The University Record, October 25, 1999 By Kara Gavin
Health System Public Relations
Although 40 percent of general medicine clinic patients regularly use e-mail, only 14 percent of them have used it to communicate with their doctors, a recent survey by researchers at the Health System has found.
But patients say they want e-mail access to their doctors: 70 percent of those surveyed (both e-mail users and non-users) said they would like to communicate with their health care provider via e-mail.
At the same time, 83 percent of the patients’ physicians said they thought e-mail was a good way to answer patients’ non-urgent medical questions, even though only 27 percent said they were currently using e-mail to communicate with patients. These results suggest that there is great opportunity to facilitate electronic communication between patients and their doctors.
The survey of 320 patients and 75 resident physicians was conducted at the outset of a larger study at the U-M and the Ann Arbor Veterans Affairs Hospital, which now will evaluate a specially designed e-mail system that facilitates electronic communication between patients and physicians.
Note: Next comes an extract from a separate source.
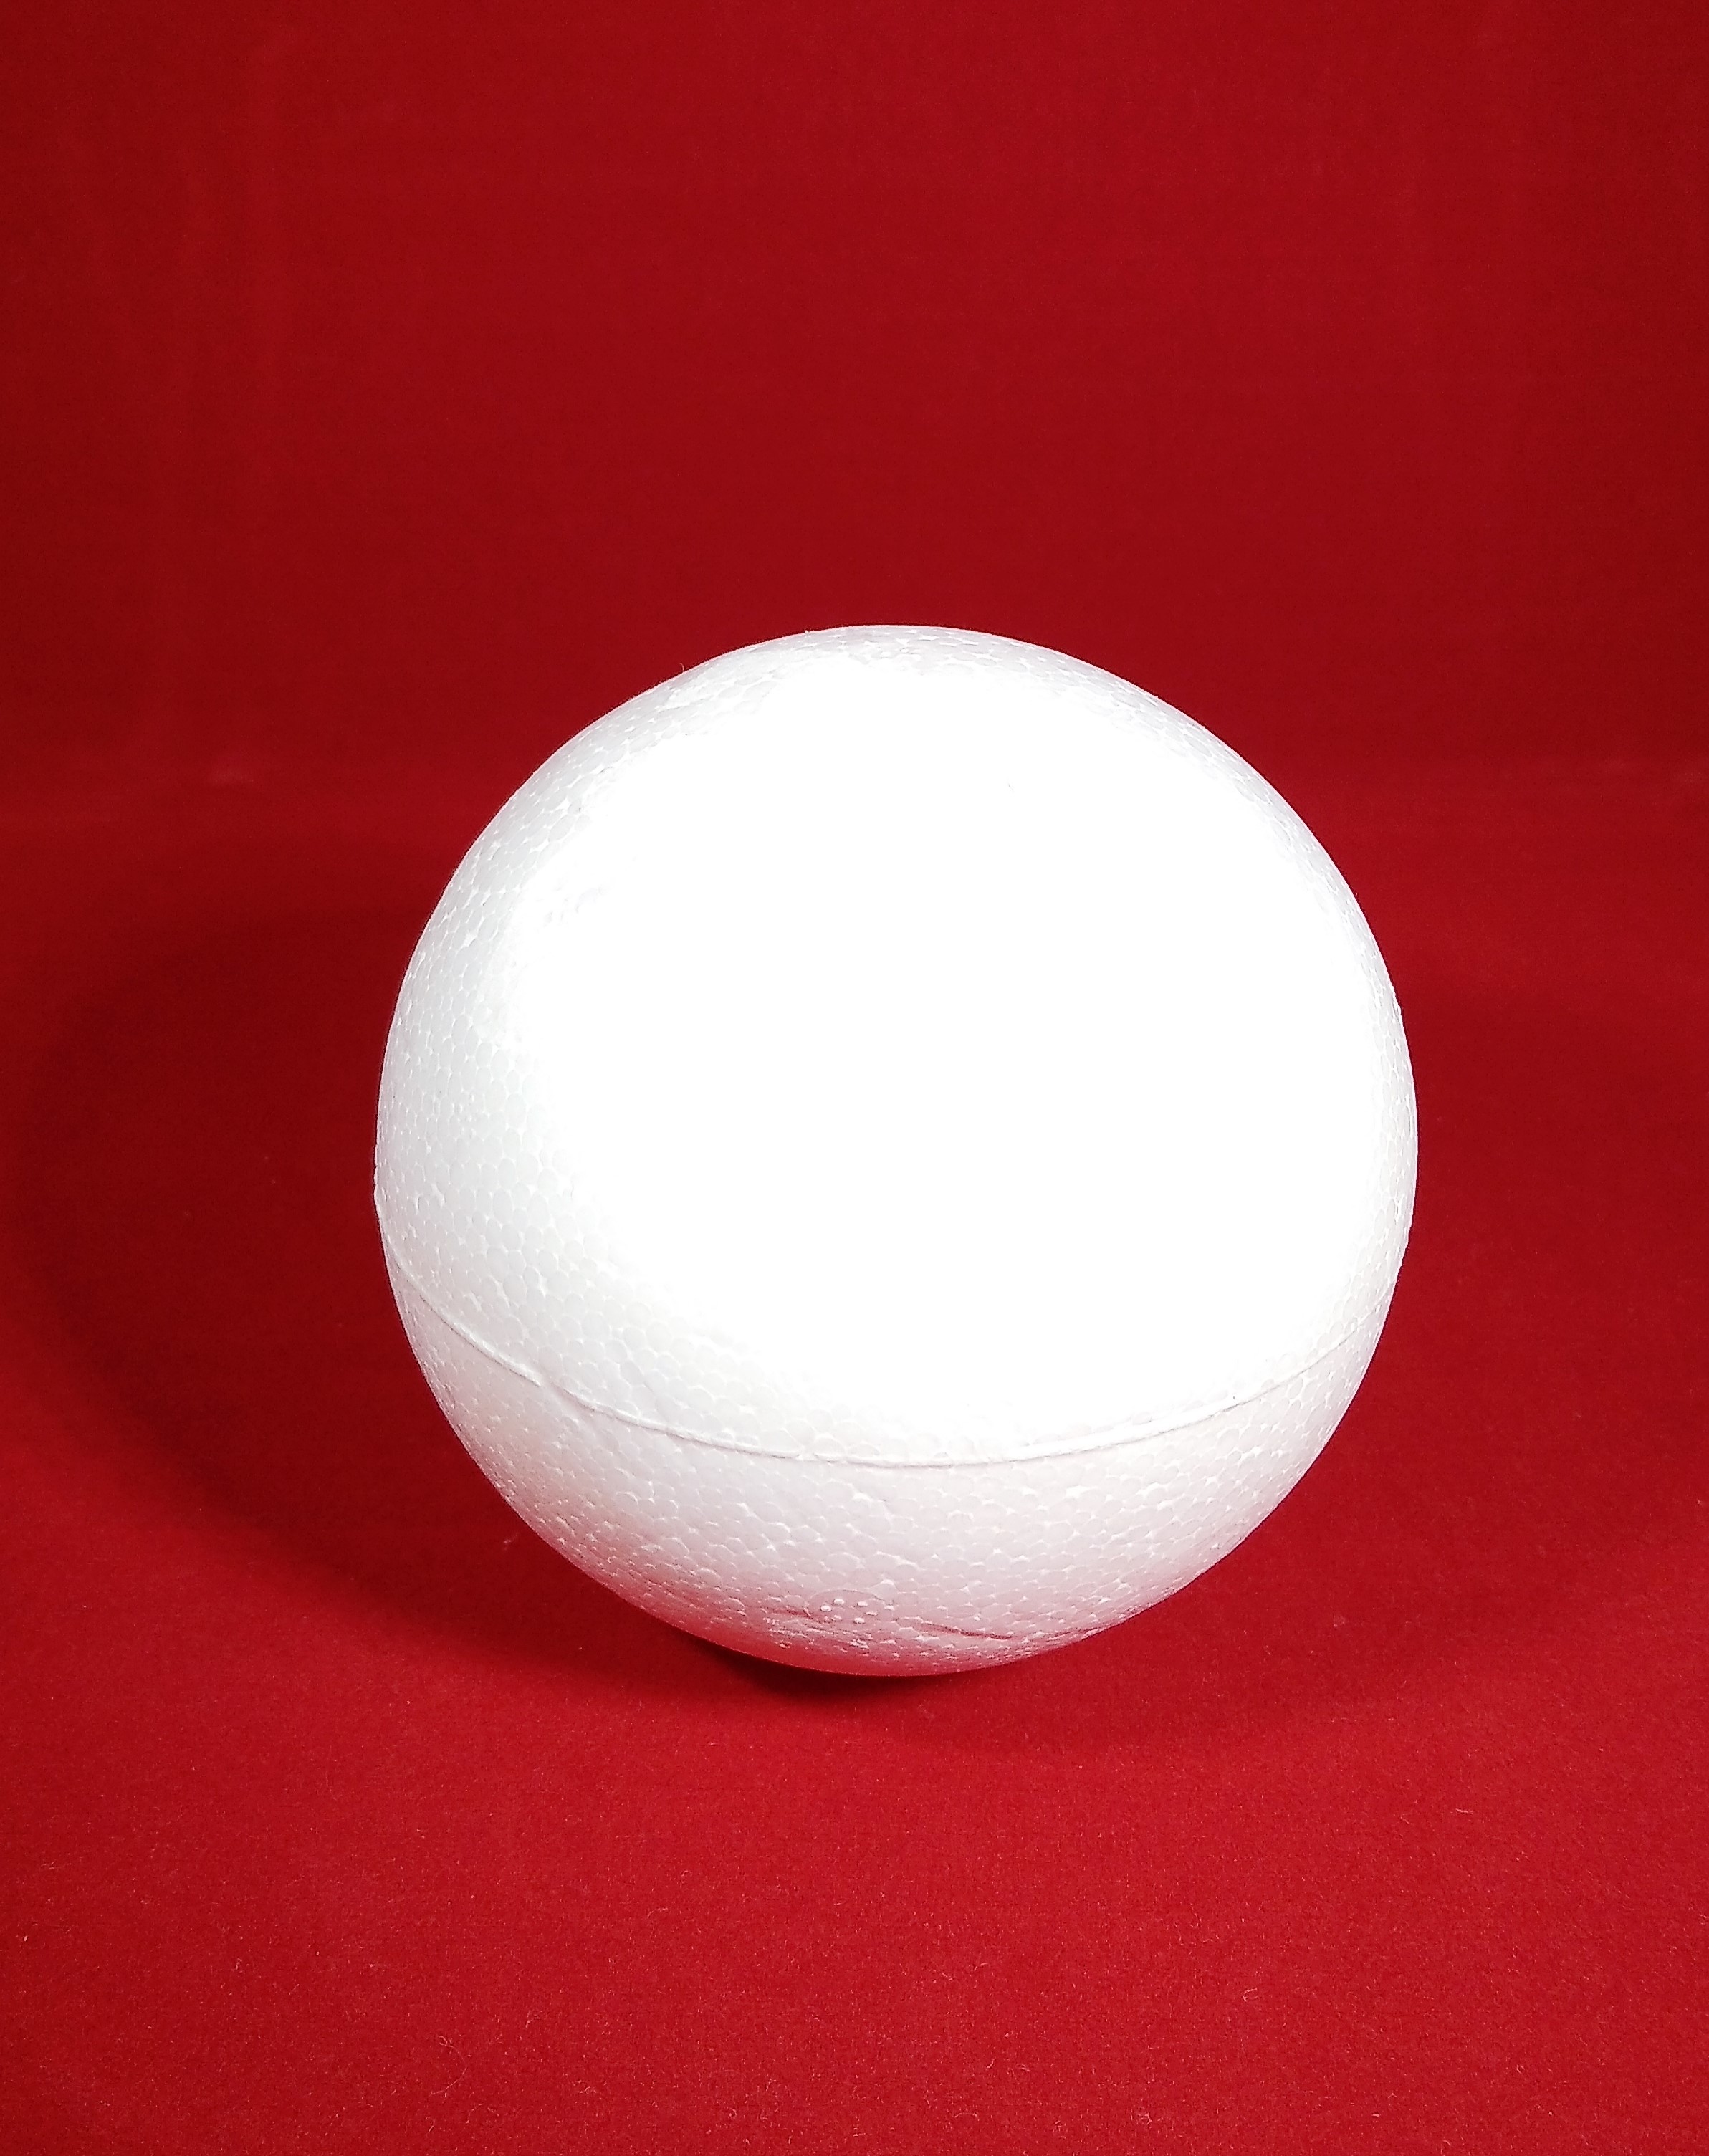 Polystyrenová koule, průměr 8 cm

EMAIL (Electronic Messaging, Advice and Information Link) allows patients to communicate with their doctors through an electronic triage system about such things as appointment times, referrals, prescription renewals and general health questions. The preliminary survey was conducted to determine baseline e-mail use patterns and attitudes toward the use of e-mail.
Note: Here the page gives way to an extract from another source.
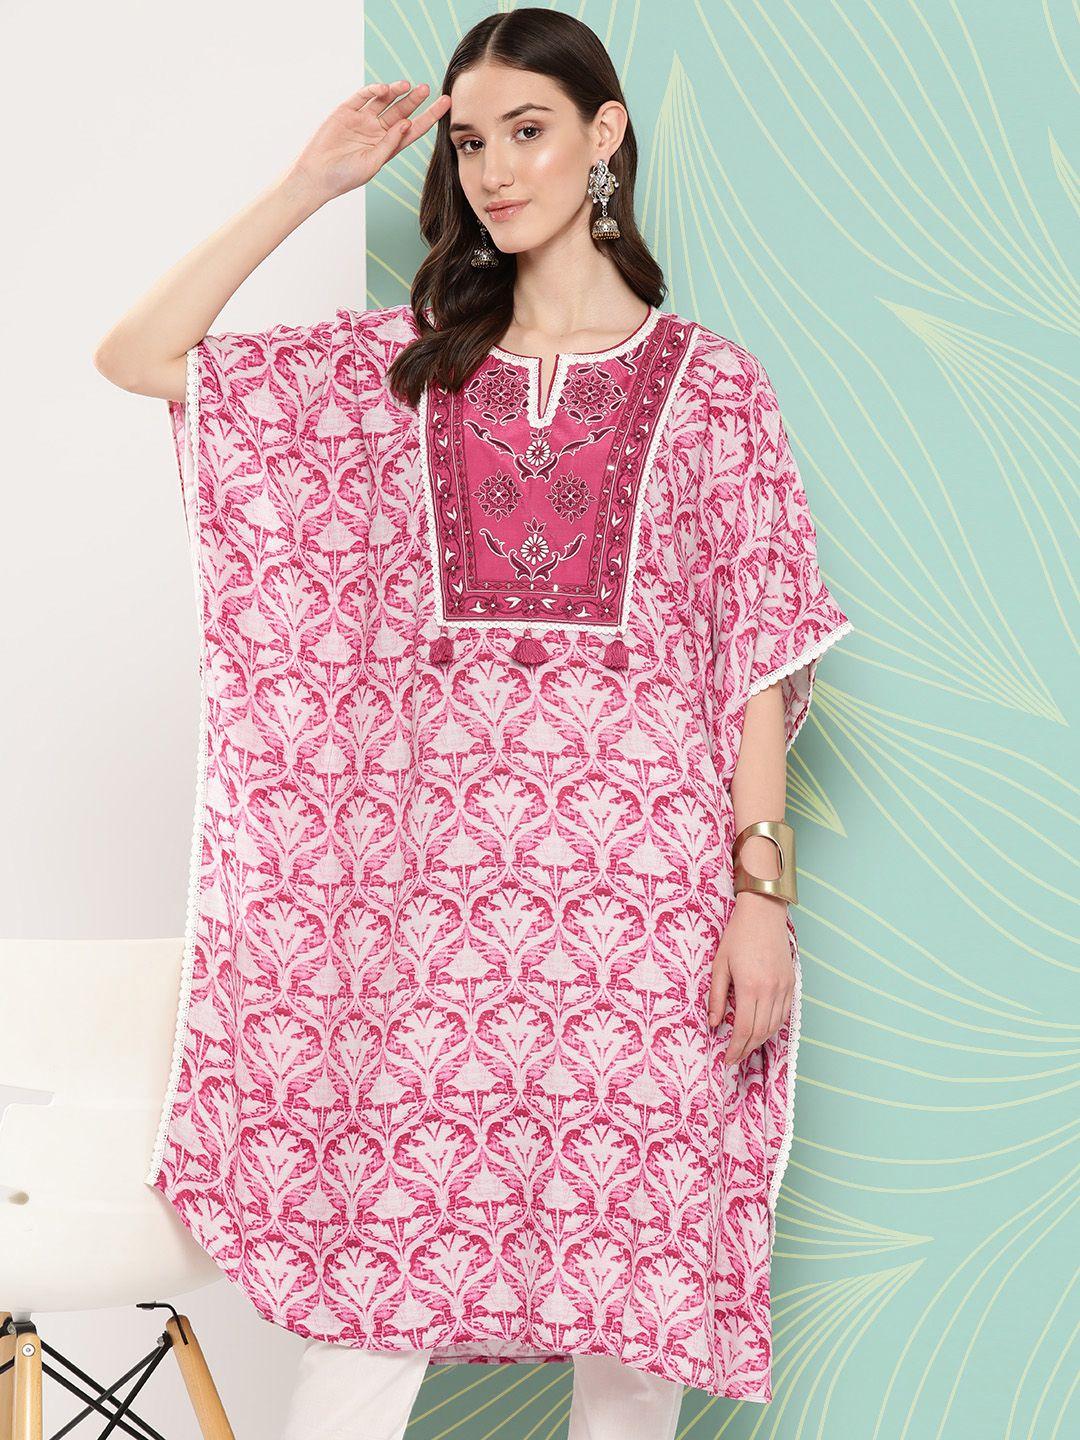 nayam by lakshita floral embroidered flared sleeves laced kaftan kurta

The EMAIL study, directed by David Stern, assistant professor of internal medicine, and Steven Katz, assistant professor of internal medicine and of health management and policy, was introduced in the U-M General Medicine Clinic in August 1999. All resident physicians with on-site clinics are participating and have been randomized into a “study group” and a “control group.” Patients of the physicians in the study group receive detailed information about the new system and are encouraged to use it.
The goals of the study are to identify:
The study is funded by the Intel Corp. and is a collaborative effort of researchers at CHOICES (the Consortium for Health Outcomes, Innovation, and Cost Effectiveness Studies) and MICHI (the Michigan Collaboratory for Health Informatics) at the University. CHOICES is a research unit funded jointly by the Departments of Internal Medicine and Surgery, devoted to the multidisciplinary study of the quality and economic impact of health care services.
Results of the baseline survey from the EMAIL study are being presented at Intel’s Internet Health Day II in New York, which explores situations for bringing health care providers into the online world.